Records:
········
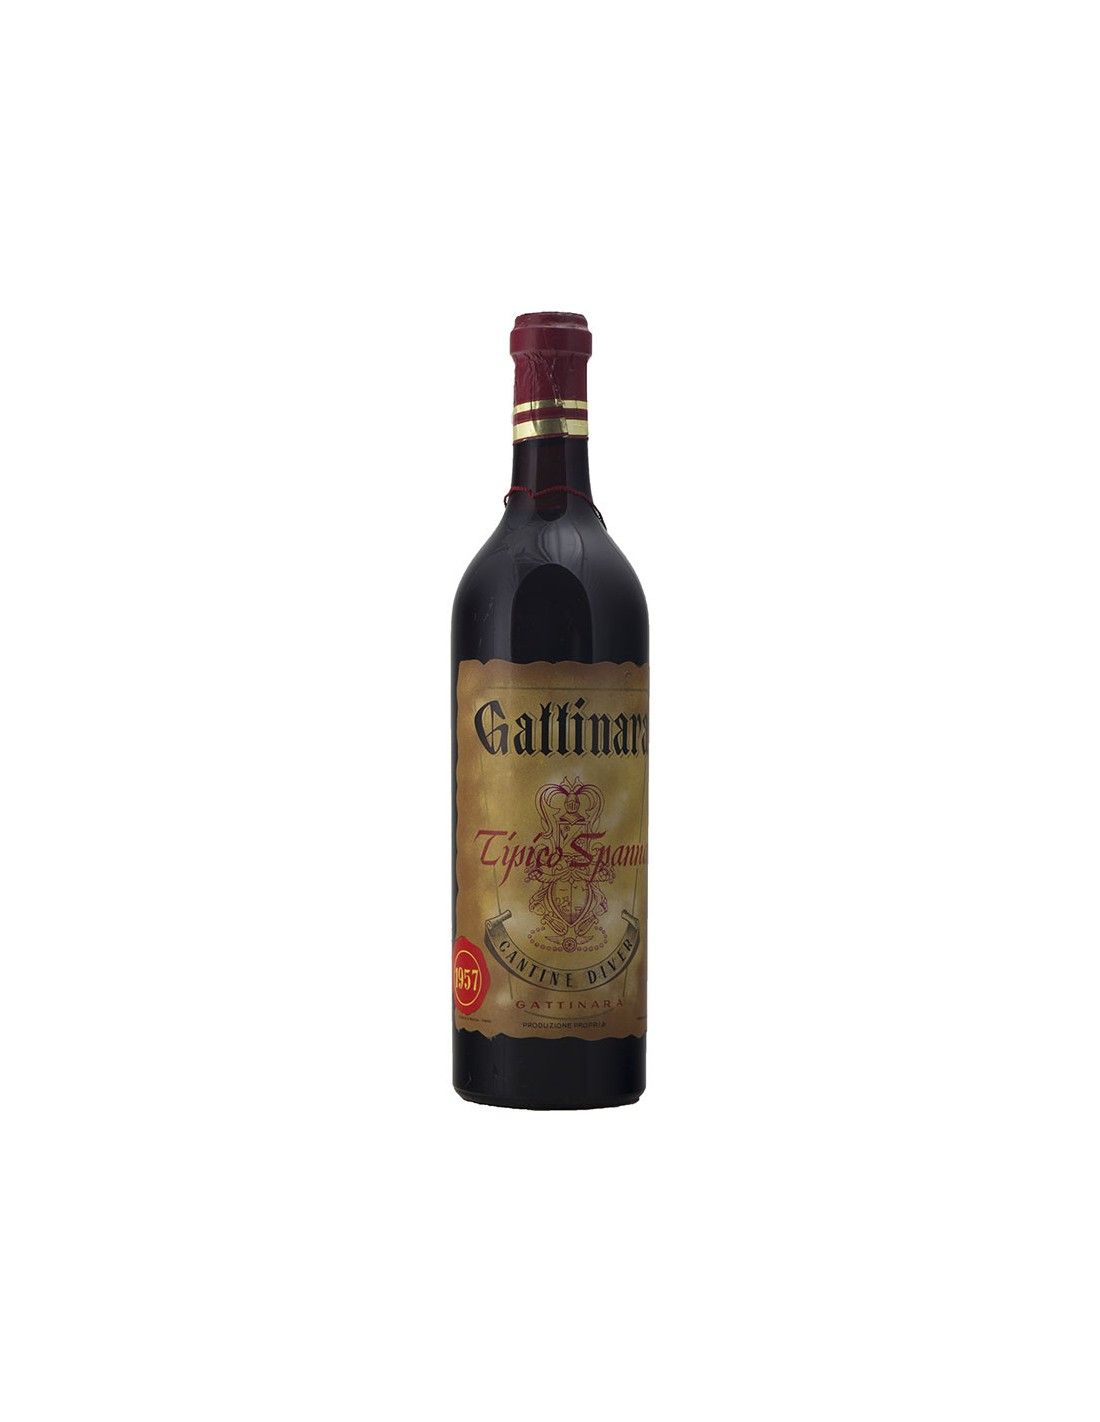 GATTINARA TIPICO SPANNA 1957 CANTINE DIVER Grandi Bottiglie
········
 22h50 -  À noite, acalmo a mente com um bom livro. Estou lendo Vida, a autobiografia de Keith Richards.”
········
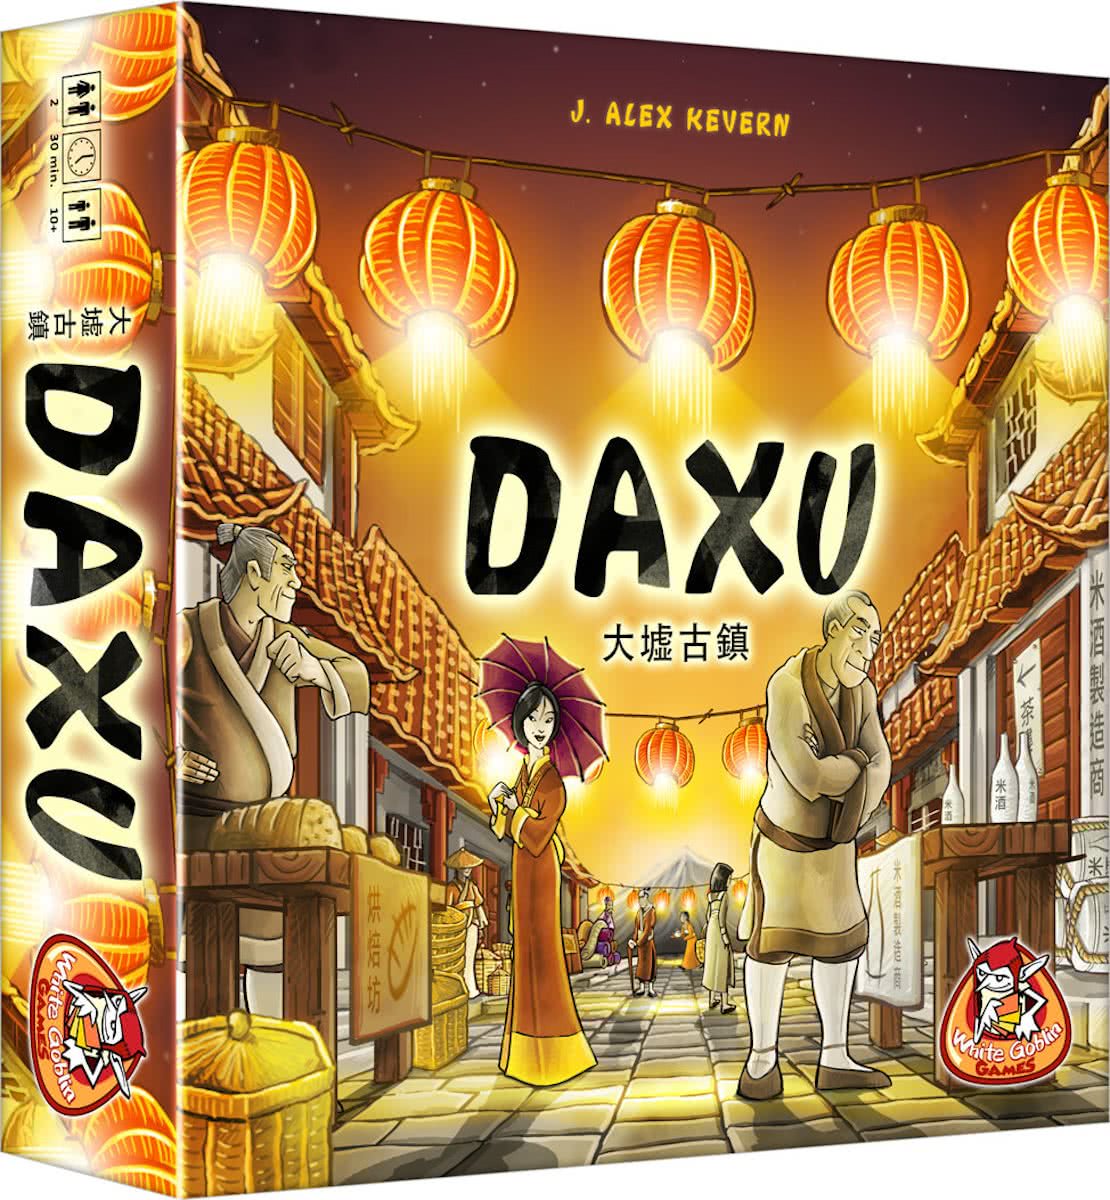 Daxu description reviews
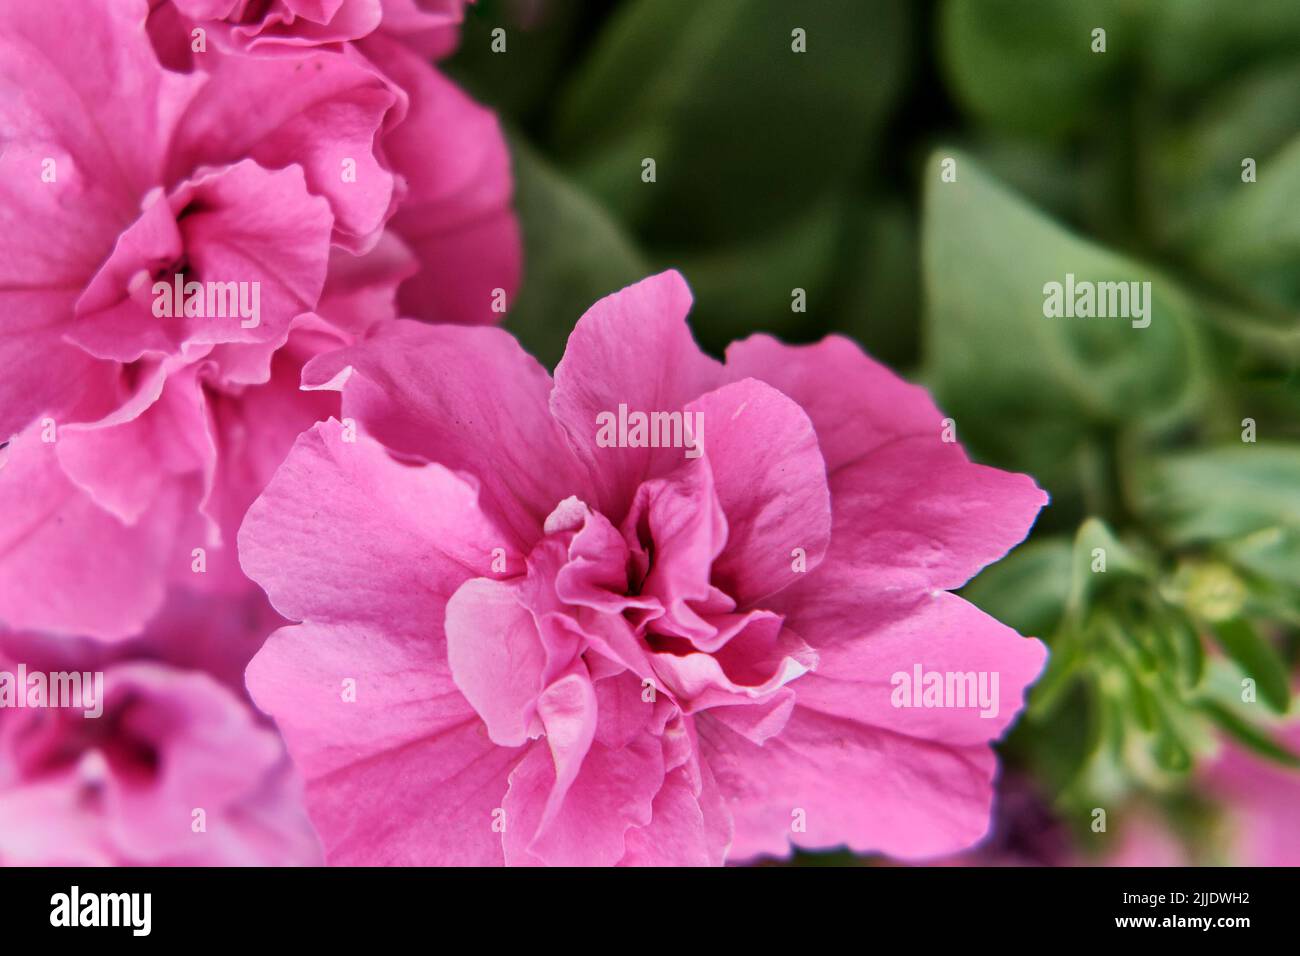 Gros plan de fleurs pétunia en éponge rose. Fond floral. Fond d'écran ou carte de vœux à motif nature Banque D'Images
········
In the listing above, find the line containing "Daxu description reviews" and the line containing "Gros plan de". Print those two lines and every line between them exactly, with no pictures.

 Daxu description reviews
 Gros plan de fleurs pétunia en éponge rose. Fond floral. Fond d'écran ou carte de vœux à motif nature Banque D'Images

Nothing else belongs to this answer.